The term “airport city” comes from Dr. John Kasarda, who works for the Center for Air Commerce at the University of North Carolina.


Norway’s Oslo Airport soon won't be just an airport; it will be a city, too.

The Nordic Office of Architecture and Haptic Architects unveiled plans for a new Oslo Airport City that will allow travelers to experience all the typical experiences of visiting an airport with the added attraction of driverless cars and smart technology all around them in an urban setting.

The electric driverless cars could take travelers around the airport, and all of the new features will rely on renewable energy, too.

As Curbed reported, the city, which will be 4 million square meters, will be built next to the airport.

The government plans to use this airport to test driverless cars to see how they fare in an urban setting.

The term “airport city” comes from Dr. John Kasarda of the Center for Air Commerce at the University of North Carolina. He created the term to define airports that include more than just concourses and gates.

Tomas Stokke, the director of the architecture firm, told Travel + Leisure, that this airport city will be different than others around the world in that it will feel more like an actual city.

“What you normally have with airport cities is some type of business park where you’ll mainly find logistic buildings, but what we’re doing is creating an airport city with urban qualities that include streets, squares and walkable spaces not blocked off by cars in addition to building on the various sport and leisure qualities Norwegians are quite into,” he said.

The airport will also add 22,000 to 40,000 jobs by 2050.

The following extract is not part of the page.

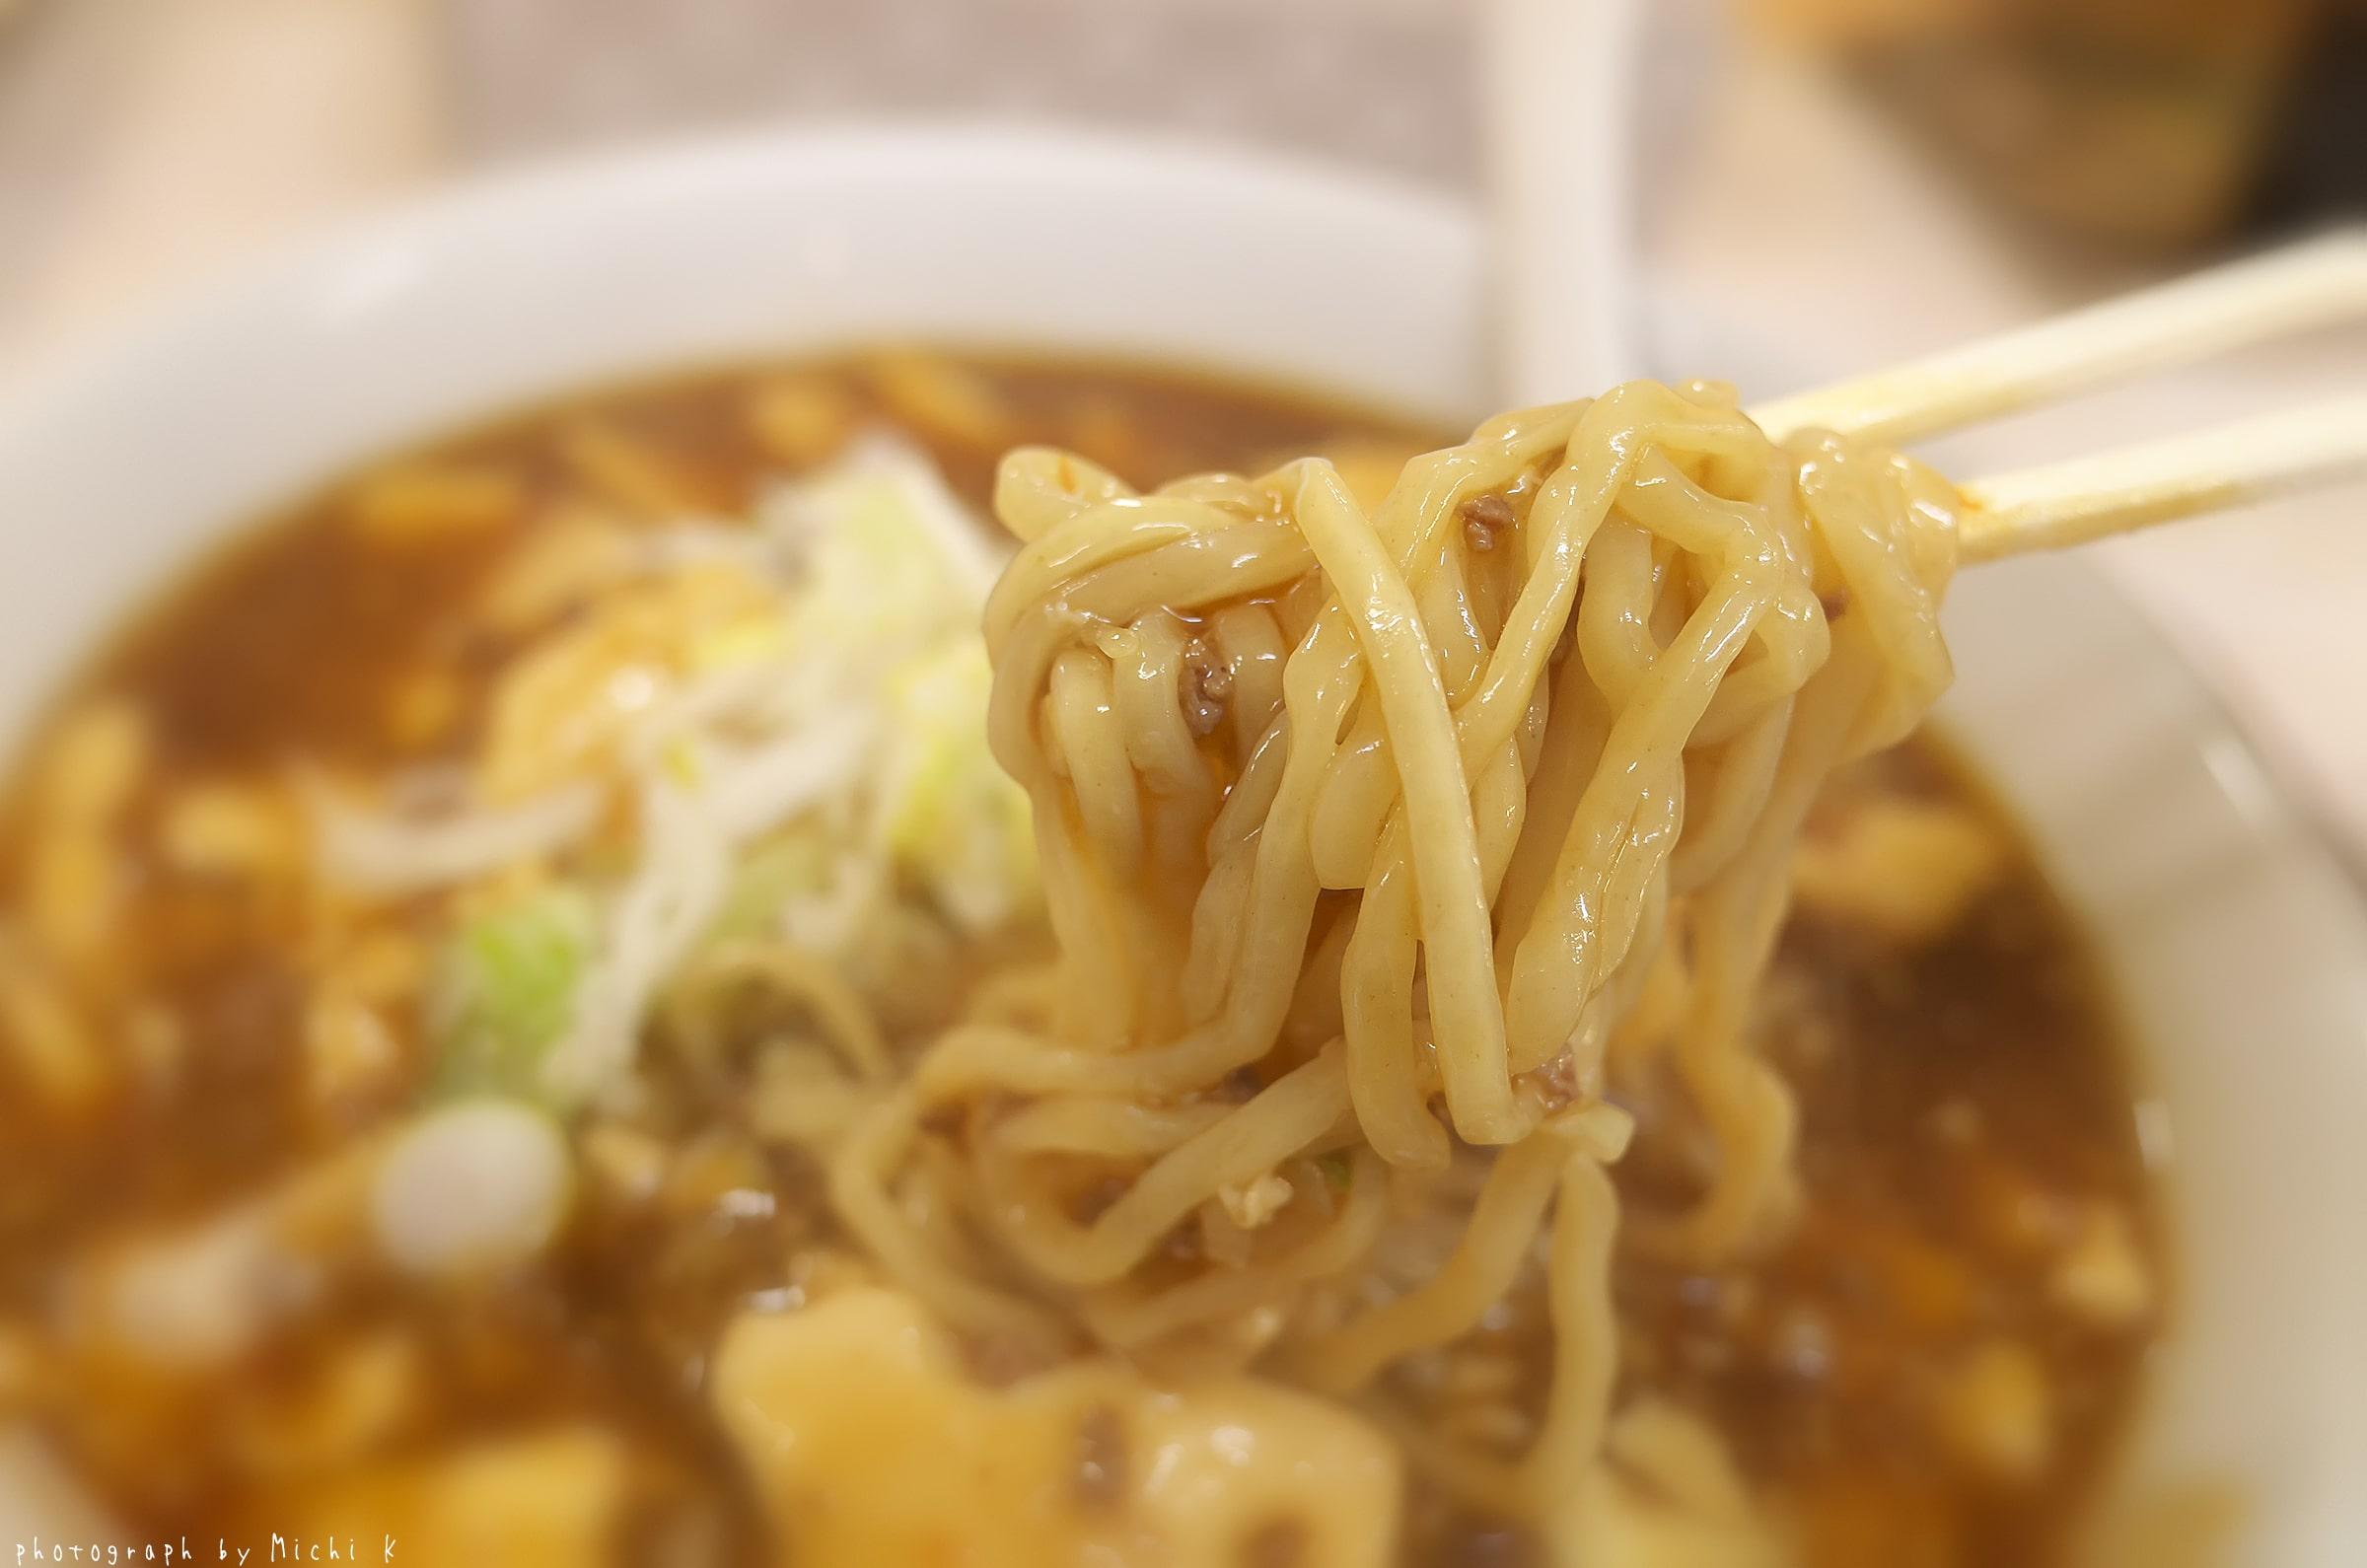 山形県遊佐町「道の駅ふらっと」のマーボー麺(その3)

However, don’t expect the airport anytime soon. As Curbed reported, the Olso development will need 30 years of construction that will begin in 2019 or 2020.

“This is a unique opportunity to design a new city from scratch,” director of Haptic Architects Tomas Stokke said in a statement. “Using robust city planning strategies such as walkability, appropriate densities, active frontages and a car free city centre, combined with the latest developments in technology, we will be able to create a green, sustainable city of the future.”